It's not the hot commodity it was last year but gold has been creeping its way back to prominence of late. The yellow metal is once again over $1,700 an ounce, up more than 10% for the year, and well off the lows hit early last summer. With gold in the upper end of the $1,500 to $1,900 range that it has traded in since making all-time highs in 2011, it's a good time for investors to question whether it's time to load up ahead of a potential push to new highs.
Jeff Kilburg, CEO of Killir Kapital Management and CNBC Contributor, says yes. His logic is relatively simple. While gold has been marking time, the Fed has been printing money. Putting the price tag of all the QE's to date at $2.6 trillion, Kilburg says every virtual dollar printed is money in the bank for gold investors.

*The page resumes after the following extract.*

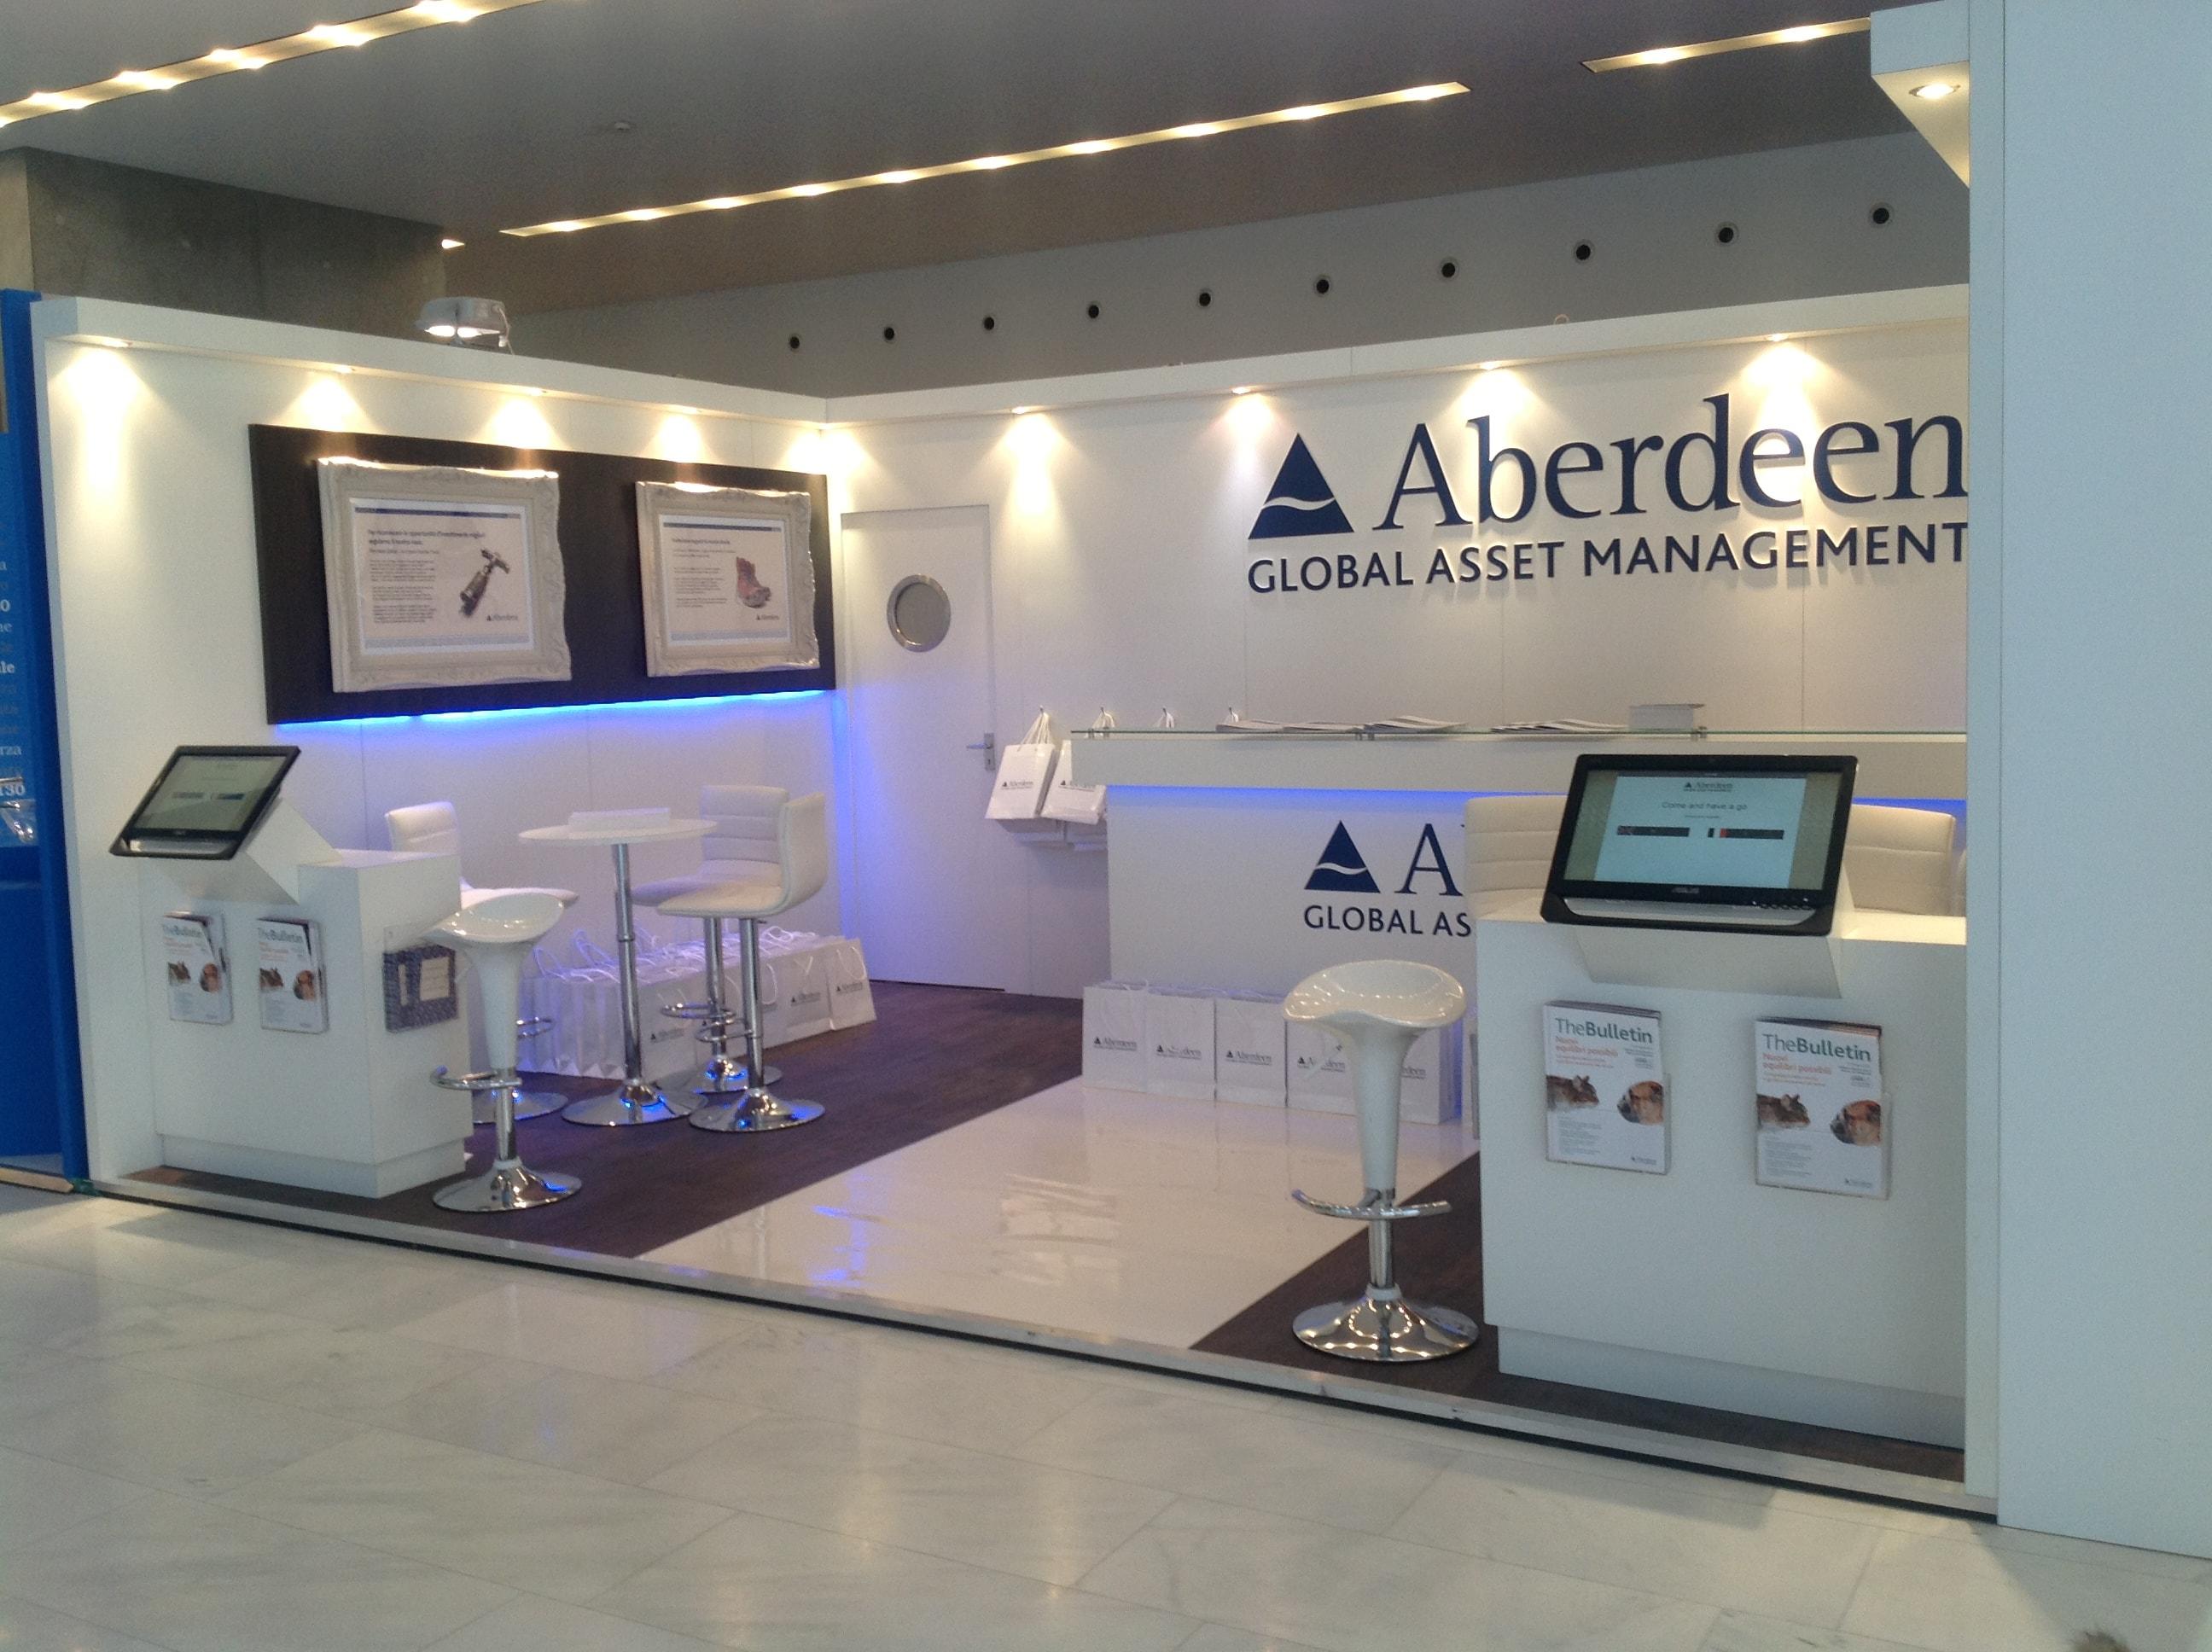 Exhibition Stand Design Aberdeen : Aberdeen global asset management milan display stand

"The theoretical value of gold when you see that the monetary base grow by another 18.4%, $735 billion it puts gold at $2,000," Kilburg asserts in the attached clip. "I think the way to be invested is to be long the (GLD) [SPDR Gold Trust]."

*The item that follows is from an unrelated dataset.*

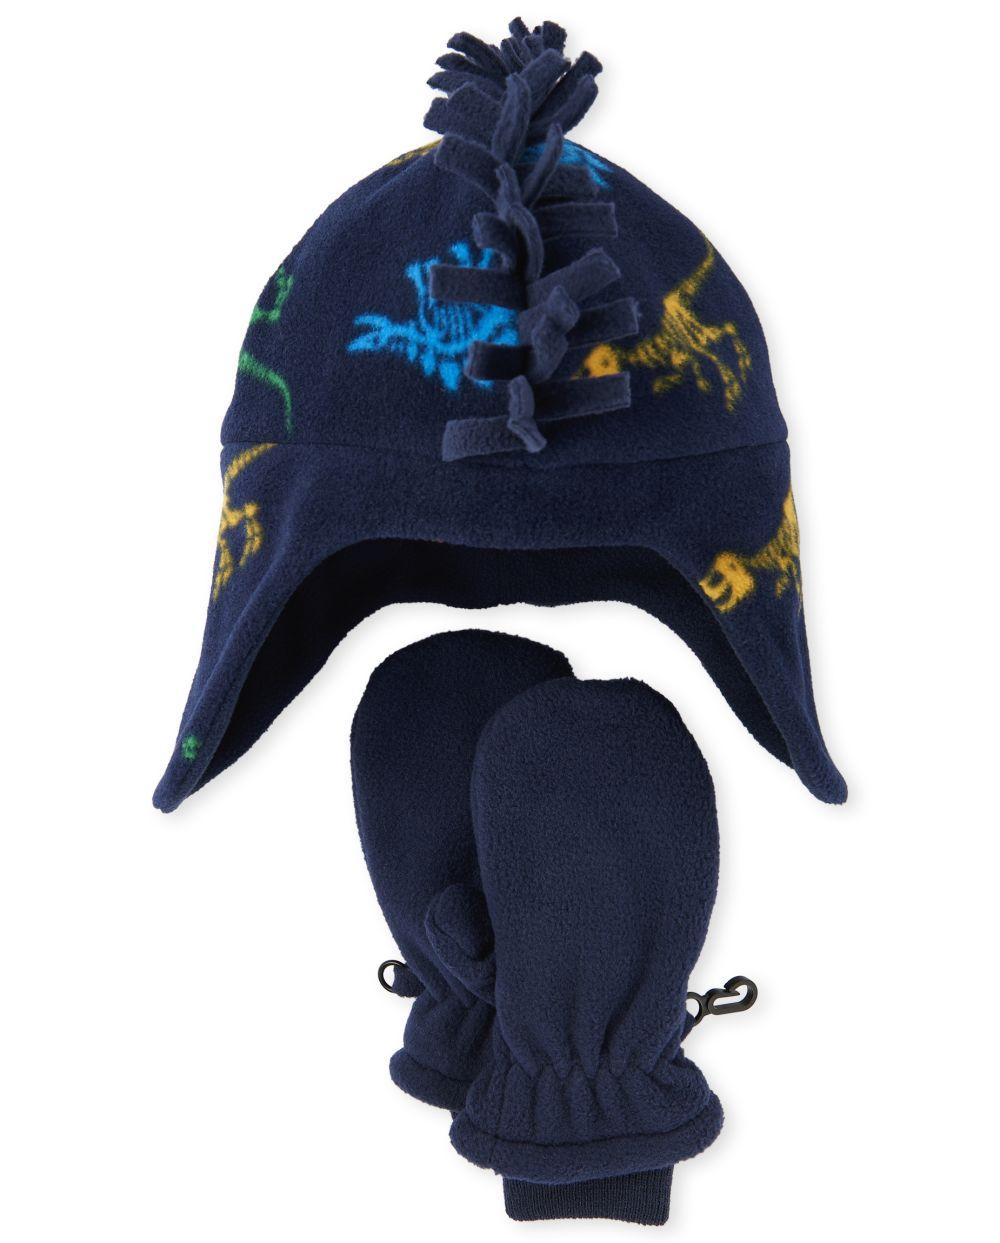 Toddler Boys Dino Glacier Fleece Hat And Mittens Set

For those investors who get itchy looking at the way gold reversed at levels not much higher than where we are now, Kilburg says they might consider making a "Najarian style" trade by selling some calls.
Recently gold has been trading close to lock-step with stocks. That's not "supposed" to happen and Kilburg says it won't continue. If markets and gold detach again, the Fed keeps printing and inflation rears its ugly head, $2,000 will be only the beginning.